CSI 5340 Homework Exercise 3
Note that to complete the homework, you must submit
your Python codes for the question
a report (in PDF format) including the required experimental results, descriptions, and other related
information.
Failing to submit either the code or the report will be given zero mark.
In this exercise, you need to design a CNN model for the MNIST dataset http://yann.lecun.com/
exdb/mnist/ and train that model using adversarial training (i.e., the “mini-max formulation” introduced
in the class; details see the lecture slides). More specifically, you need to do the following:
Design a CNN model. Describe your model structure in your report.

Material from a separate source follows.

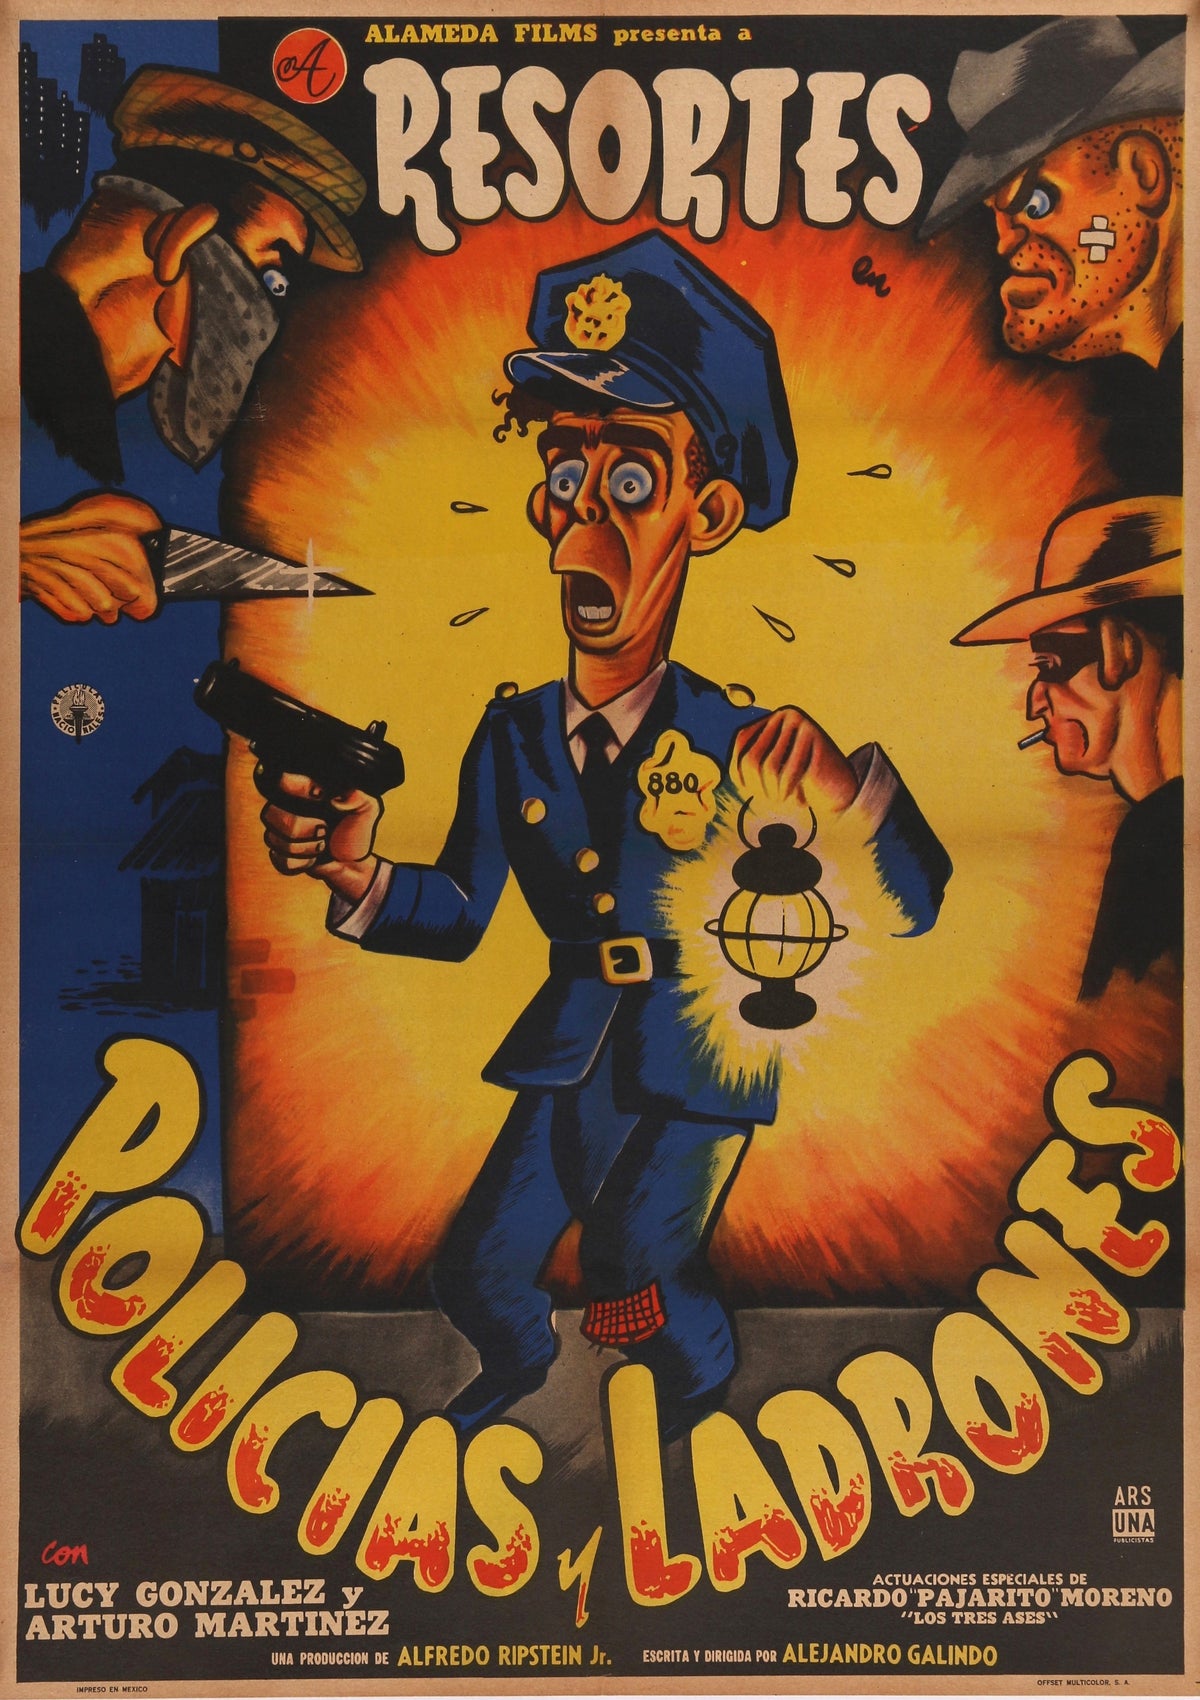 Policias y Ladrones- Resortes - Authentic Vintage Poster

Write a code to implement the algorithms of both the targeted and non-targeted PGD attack. Describe
the steps of your implementation for these two algorithms in details in your report.
Train the model to get your first classifier using adversarial training with non-targeted 20-step PGD
attack. The perturbation radius ? is set to 0.3 and the step size α is set to 0.02 during the training.
Train the model to get the second classifier using adversarial training with non-targeted 1-step PGD
attack. The perturbation radius is still 0.3 and the step size α is set to 0.5 during the training.
Train the model to get the third classifier using adversarial training with targeted 20-step PGD attack.
The perturbation radius ? is set to 0.3 and the step size α is set to 0.02 during the training. When
using the targeted PGD attack during the training, the target class label is chosen as the most likely
label predicted by the current classifier excluding the true label. That is the label corresponding to
the largest element in the final output vector of your neural network excluding the value for the true
label.
In your report, you need to document the training behaviours for all the three training settings.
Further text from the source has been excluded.